(Beginning of Data shown)
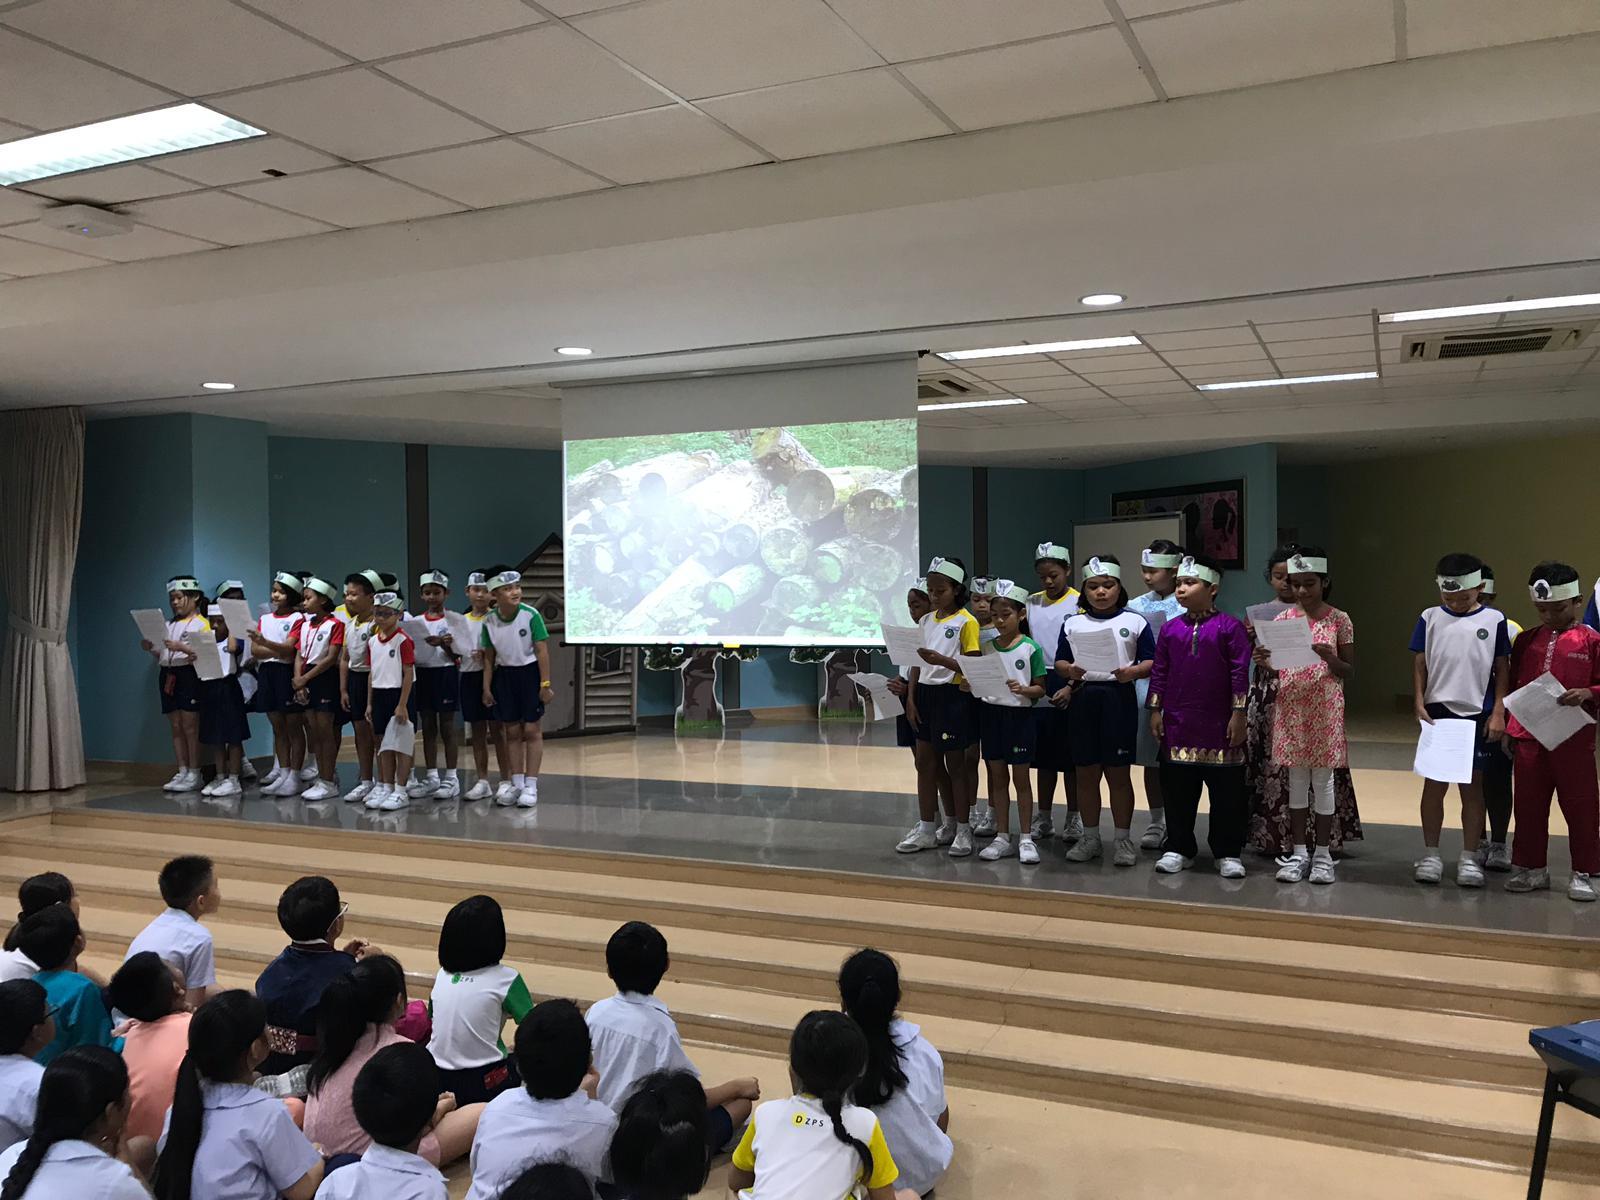 Dazhong Primary School
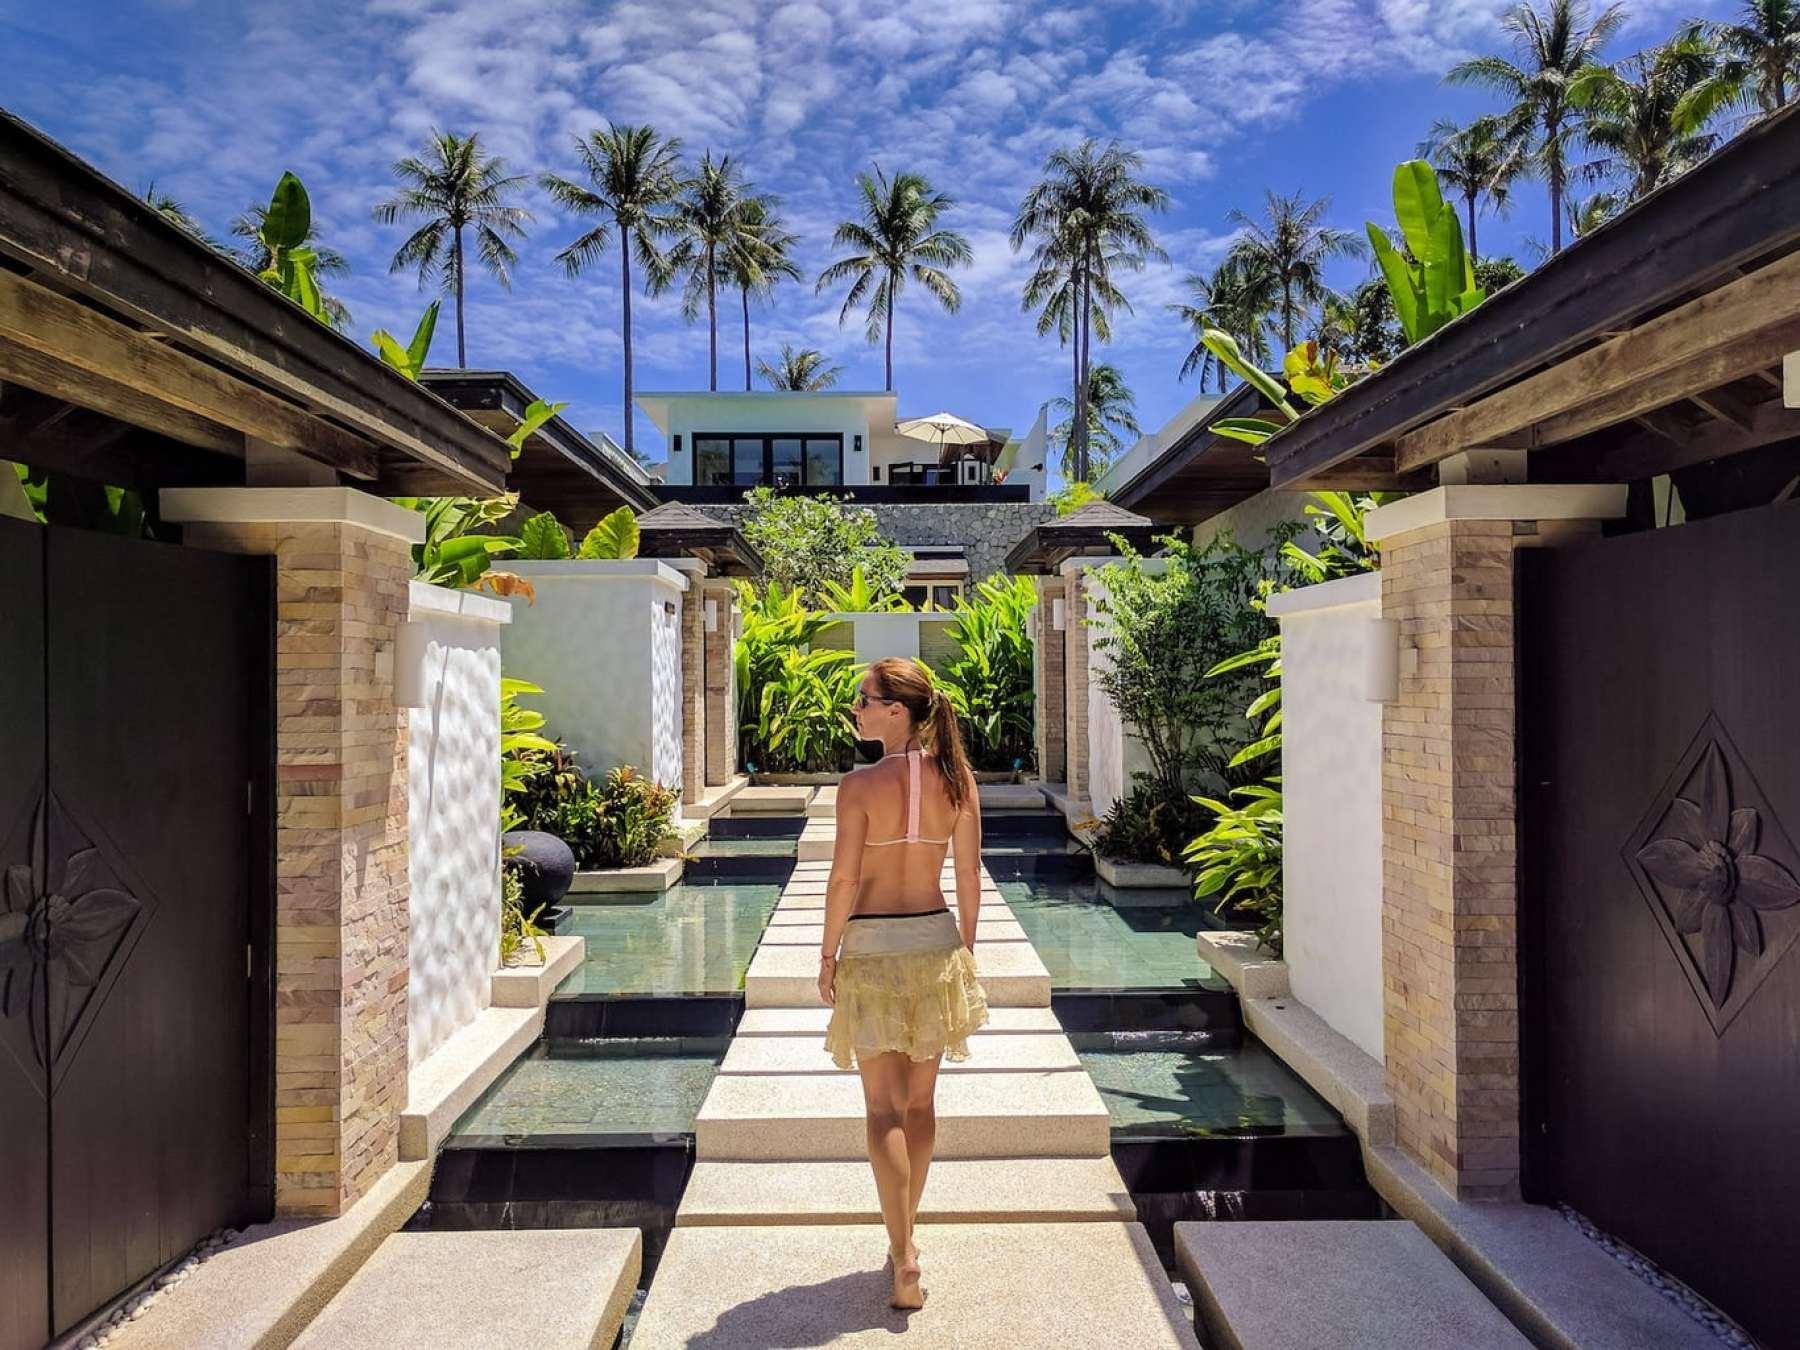 Walking among the luxurious villas
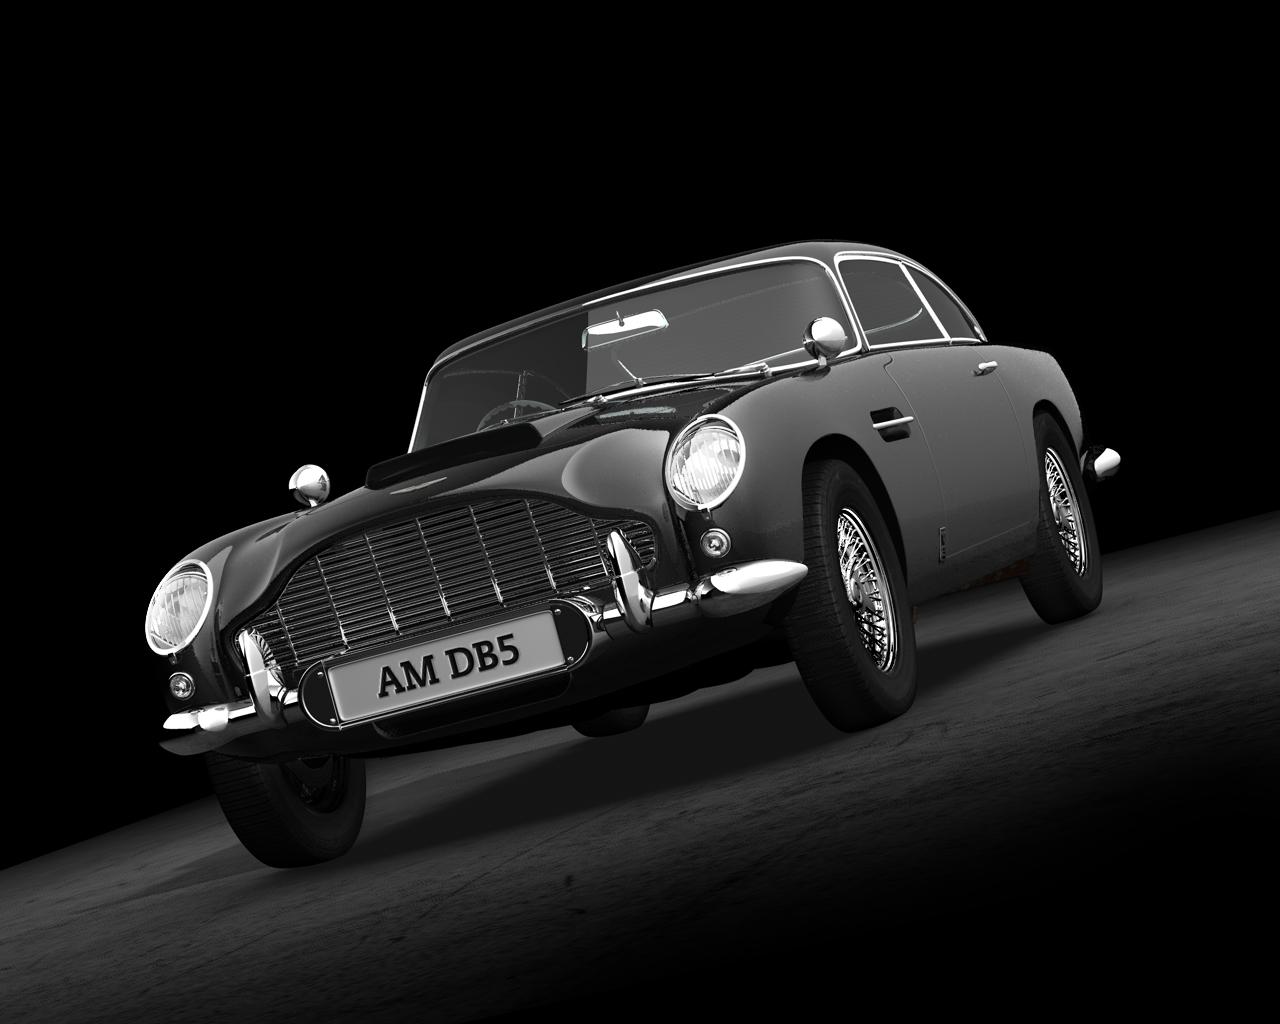 Aston Martin DB5 II by Vacuita Wallpapers 1280x1024
(End of Data shown)
> Instructions for the task:
Output each line exactly as shown above; no pictures go in the copy.

> Exercise solution:
 Dazhong Primary School
 Walking among the luxurious villas
 Aston Martin DB5 II by Vacuita Wallpapers 1280x1024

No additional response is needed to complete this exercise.